Chief Morden spoke of a recent incident where it took more than 20 minutes for first responders to reach the scene of a fire, something he called “totally unacceptable”. I tend to agree. While our volunteer service undoubtedly does its very best each and every night, I fear that may not be good enough anymore for a community the size of Orangeville. Chief Morden and some members of Council, notably Gail Campbell, Scott Wilson and Sylvia Bradley seem to agree.

It wasn’t very long ago that a majority of Council voted in favour of keeping the Orangeville Police Service. The reason for that decision was largely attributed to the force’s impeccable response times within the community. It seems strange then that, when given the chance to drastically improve the response times of an equally important emergency service provider, Council neglected to do so.

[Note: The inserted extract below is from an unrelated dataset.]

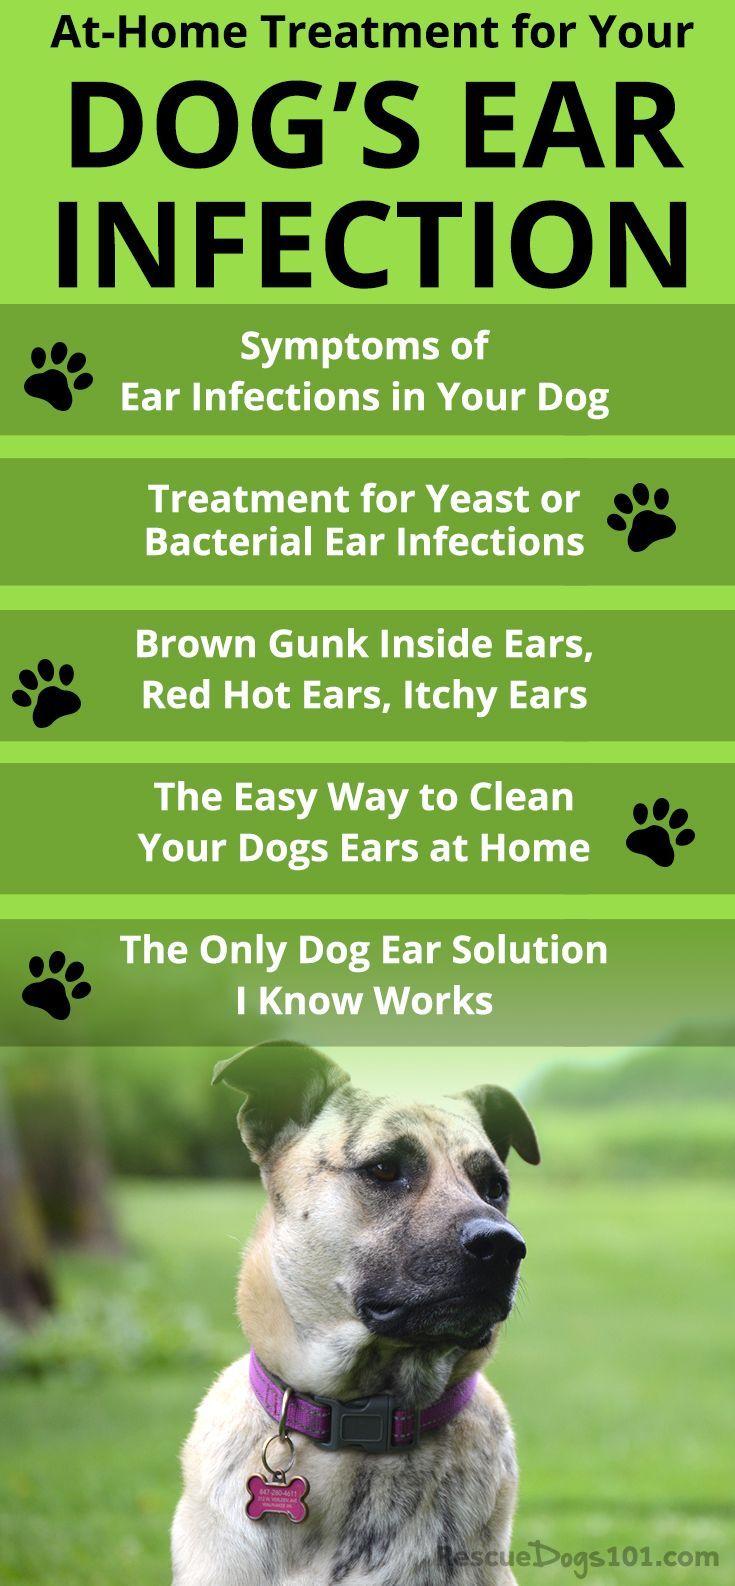 f06ceefd04e2d00c56bc64a48d5e4de2 - How To Get Rid Of Yeast In My Dog

Admittedly, it is easy for me, as a relative outsider looking in, to criticize the decisions of Council. I don’t do it often. However, when you consider the municipality has an annual operating budget of more than $34 million, it seems madness to me that we are unable to come up with an additional $800,000 to enhance our fire service. The argument that some members put forward was that the municipality could not afford this added cost, which was slated to rise to almost $1.2 million in 2022. Even if they added these eight full-time firefighters, fire services would cost the Town just over $4 million in 2018 – less than half of what it is currently paying for its police service.

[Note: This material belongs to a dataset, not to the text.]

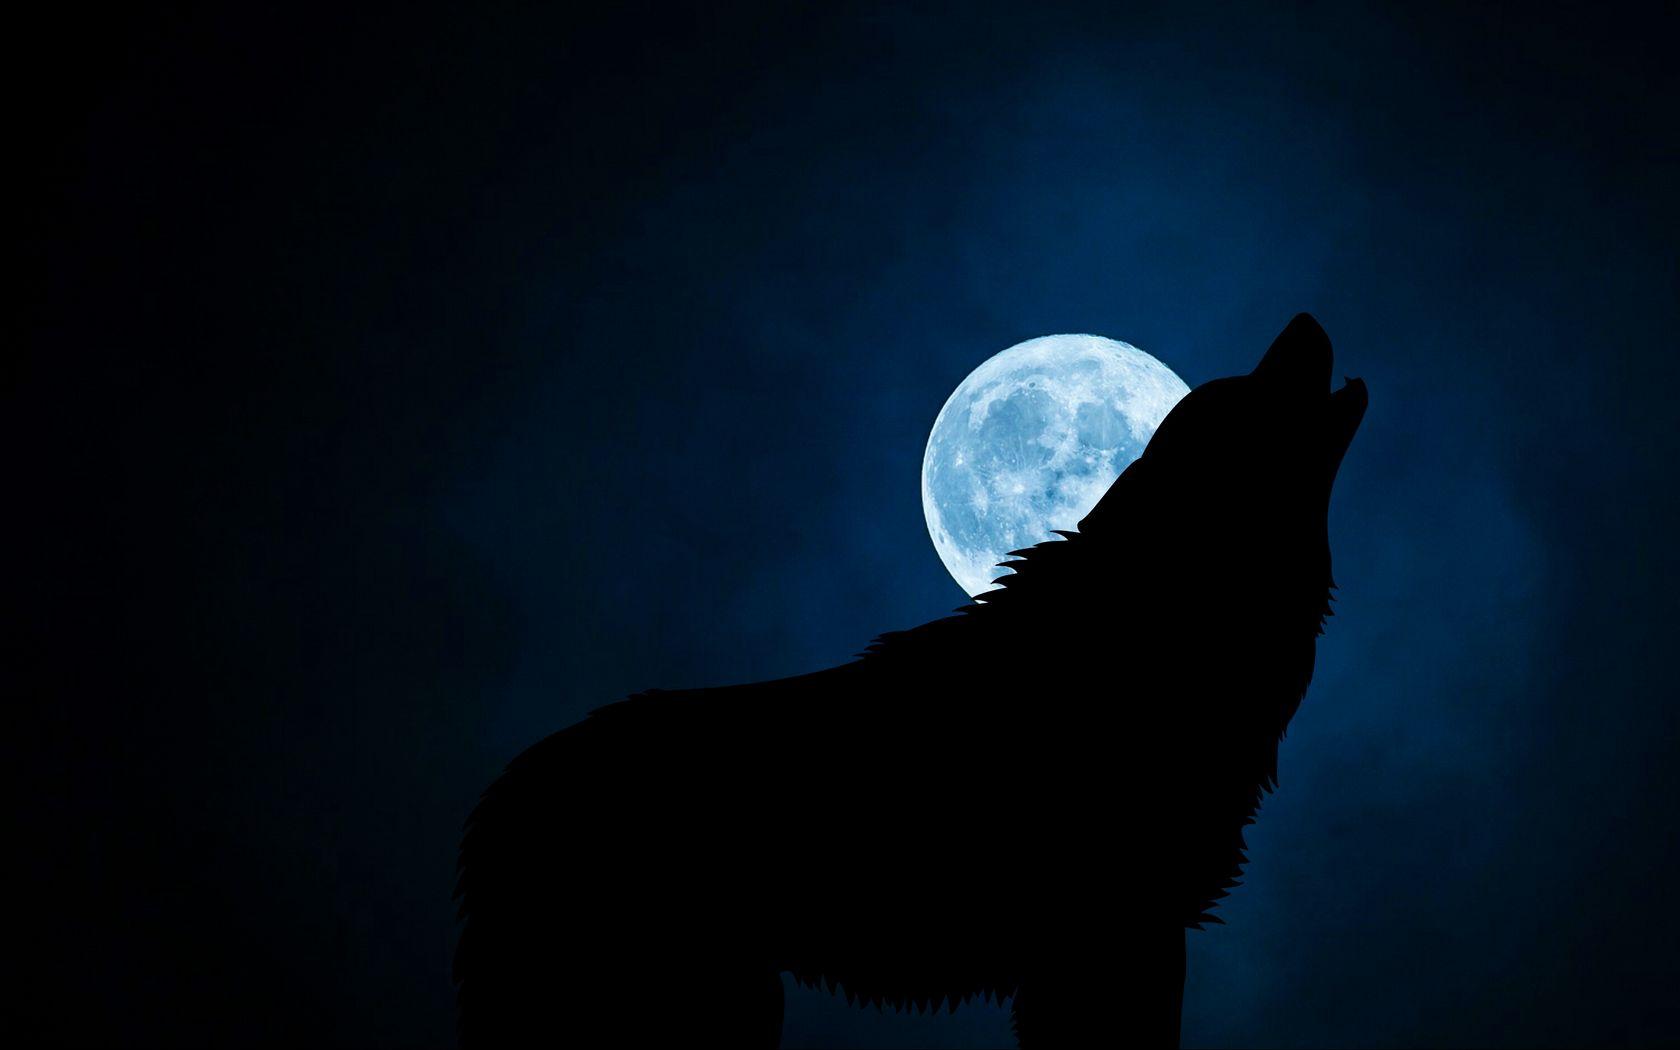 1680x1050 Wallpaper wolf, silhouette, moon, night

If the decision was simply about money, which, by all accounts, it appears to be, then I believe Town Hall should be looking to tighten its belt in other areas first. There are 22 departments listed in the Town’s 2018 budget, all but the local cemetery will cost more than $100,000 to upkeep in 2018. More than $6.1 million has been set aside for Corporate Allocations, almost $3.7 million for Parks and Recreation and over $1.8 million for Library Services. The Treasury department is slated to spend around $900,000, while almost $750,000 has been set aside for Bylaw Enforcement.

I understand that it is difficult to take money away once it has already been allocated. Jobs have been created, positions have been filled, I get that. I know that money has to be spent to ensure the municipality is able to run properly and efficiently. One thing that caught my attention, though, is that, in total, 12 of the Town’s 22 departments has requested an increase in funding for 2018. The total amount of that increase is $843,000 – money that would pay for eight new full-time firefighters.

It’s budget time. Difficult decisions have to be made. However, I don’t believe this was one of them. For $800,000, the Town could improve its fire service tenfold, reducing the risk of tragedy striking. It begs the question – what is it going to take before this issue of extended response times in the evening is rectified? I think I know the answer. I truly, truly hope I’m wrong.